Doing this means you risk committing metadata that will make your tests fail and won’t find out until the test run completes. But if you’re deploying to a disposable organization such as a scratch org spun up for pull-request-time testing, this is fine; if the tests fail, you can reject the pull request and delete the org.

Start with one fix and build from there

Adopt the patterns outlined in this post incrementally to align your organization with the Reliable and Composable capabilities of the Well-Architected Framework.

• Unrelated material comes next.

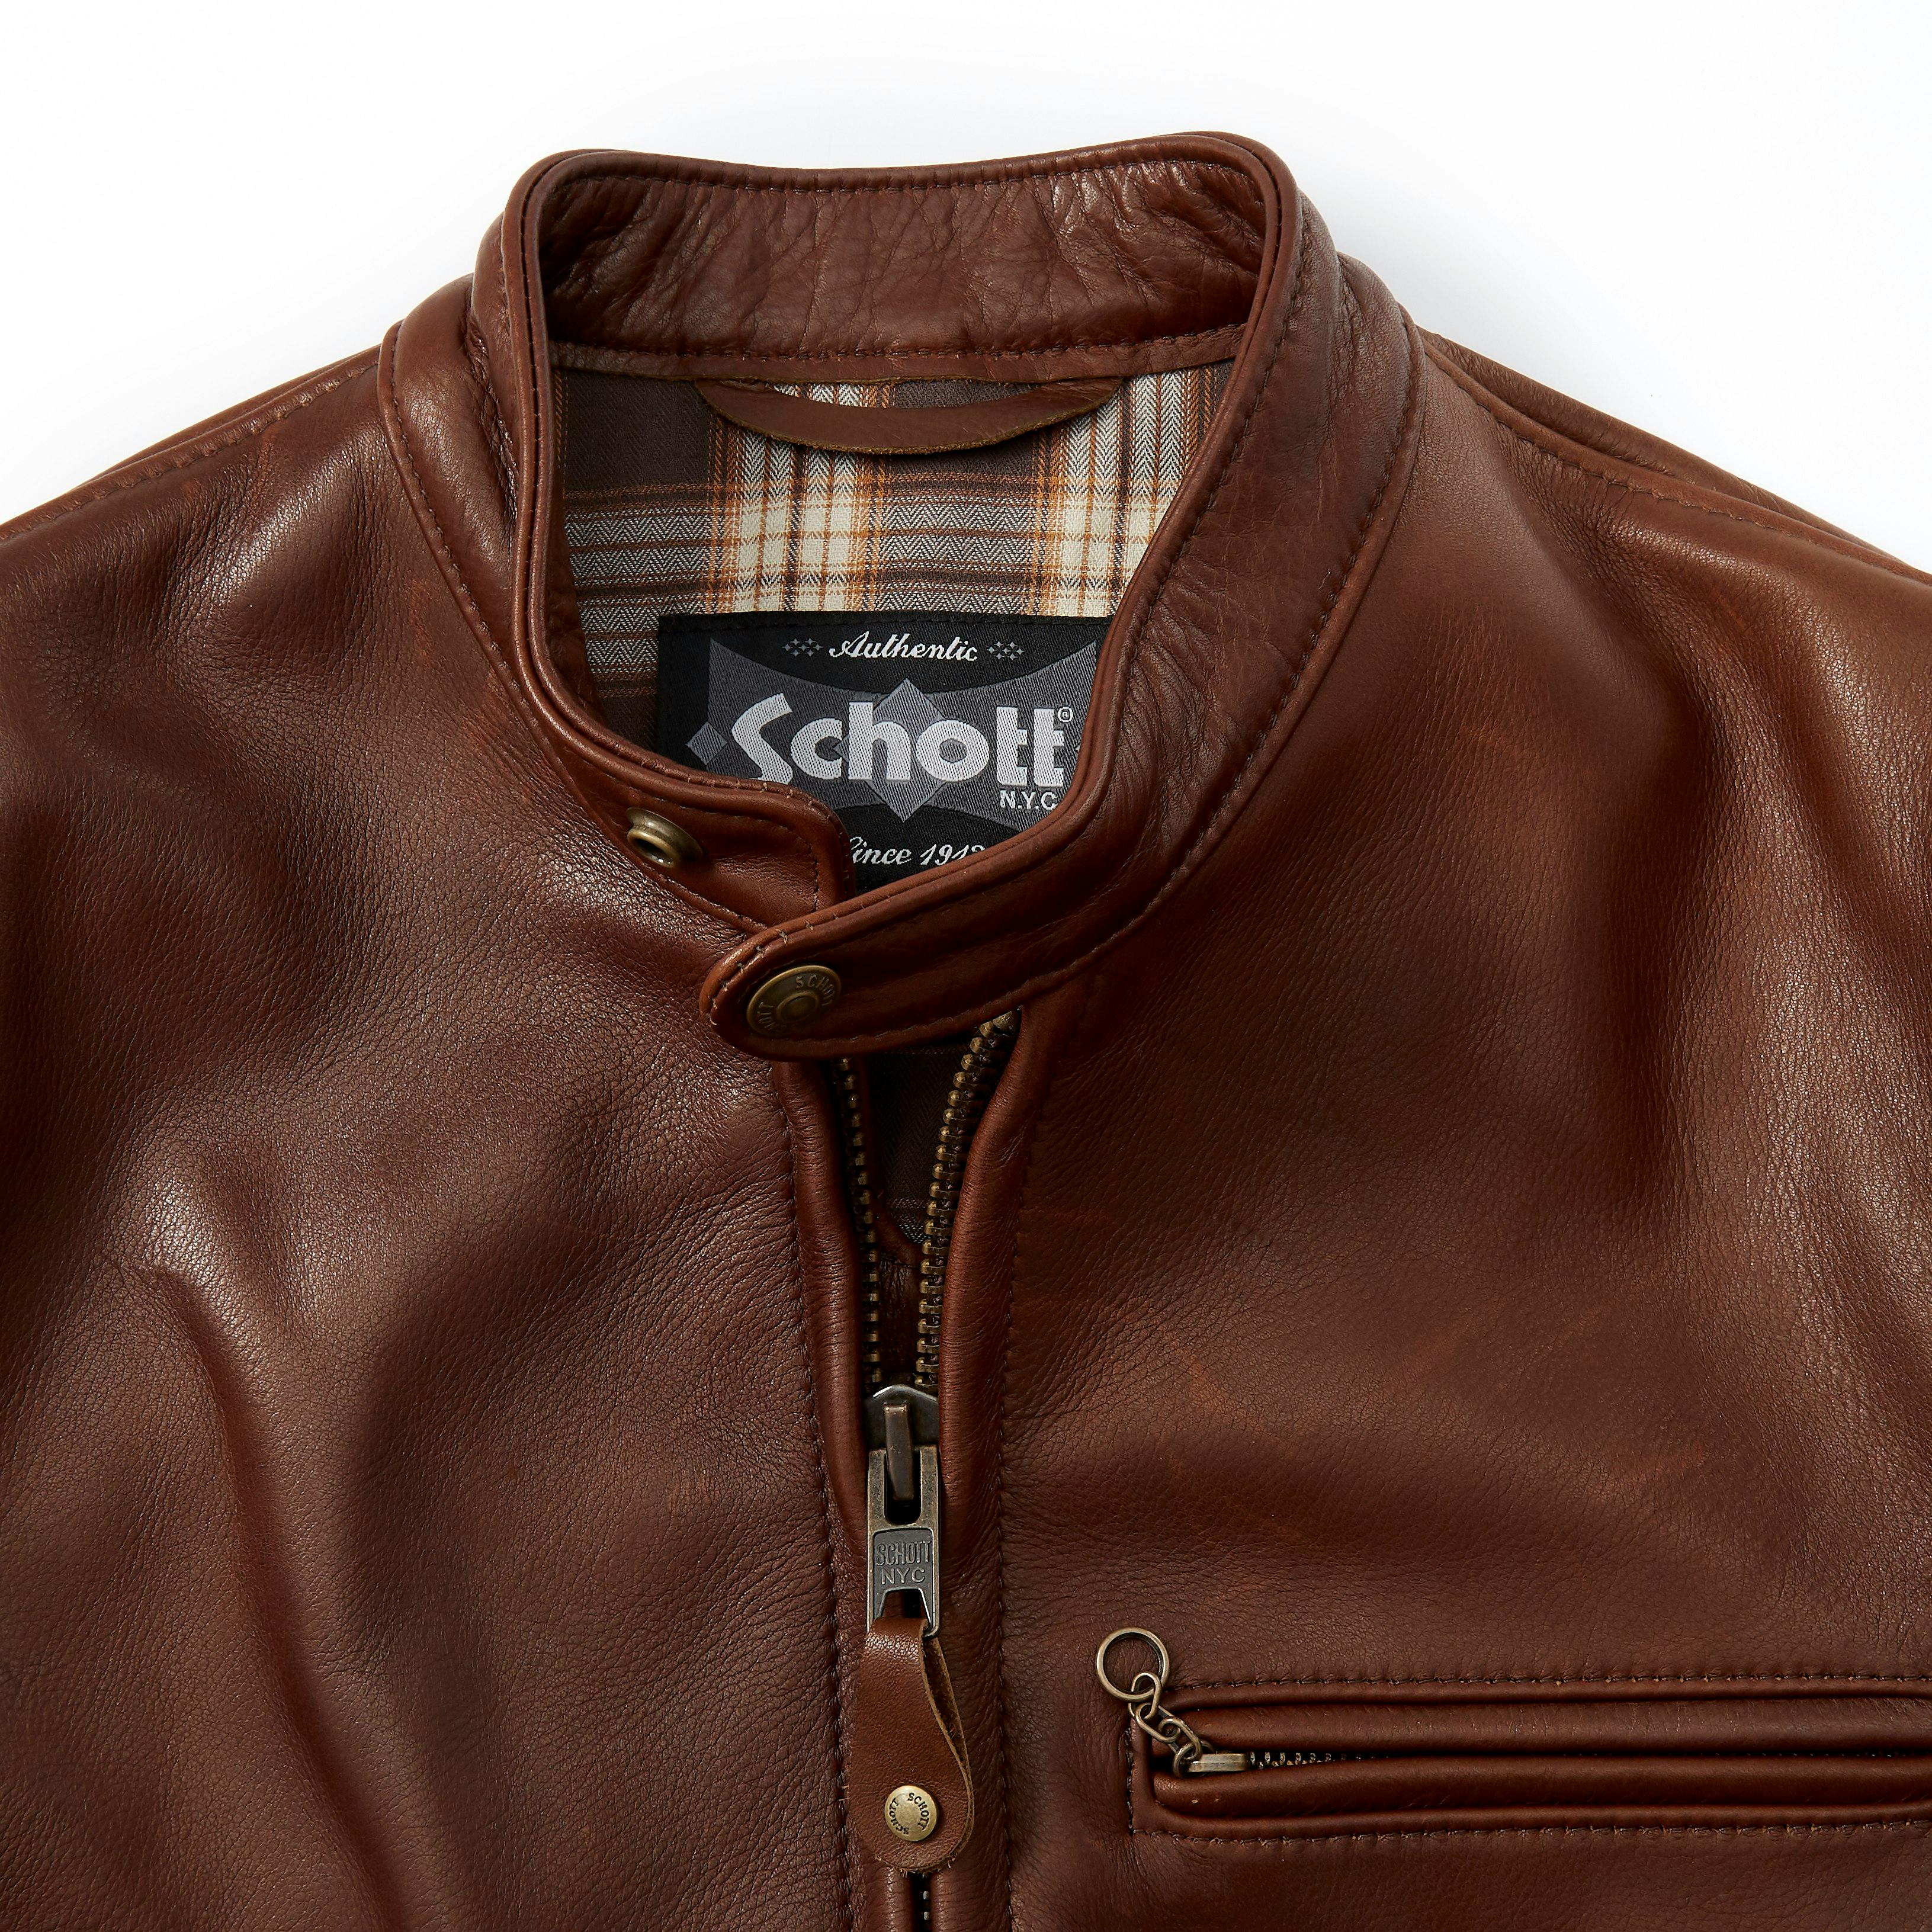 Schott NYC Waxed Natural Pebbled Cowhide Café Leather Jacket (530) - Men's  Clothing, Traditional Natural shouldered clothing, preppy apparel

Start by identifying your most-deployed classes and decoupling business logic from DML or SOQL calls. Use the Dependency Injection pattern to extract the database operations behind an interface; this allows your unit tests to run without touching the org. Next, add @IsTest(testFor=...) annotations to the corresponding test classes to ensure RunRelevantTests can select them correctly. Finally, for scratch org pull request validation, move your test execution to a post-deploy step to enable automatic parallelization without any additional pipeline overhead.

These optimizations will improve your pipeline, but they work within your existing deployment model. To move more of the deployment tax out of your release window, you’ll need to optimize delivery processes and modernize the underlying architecture.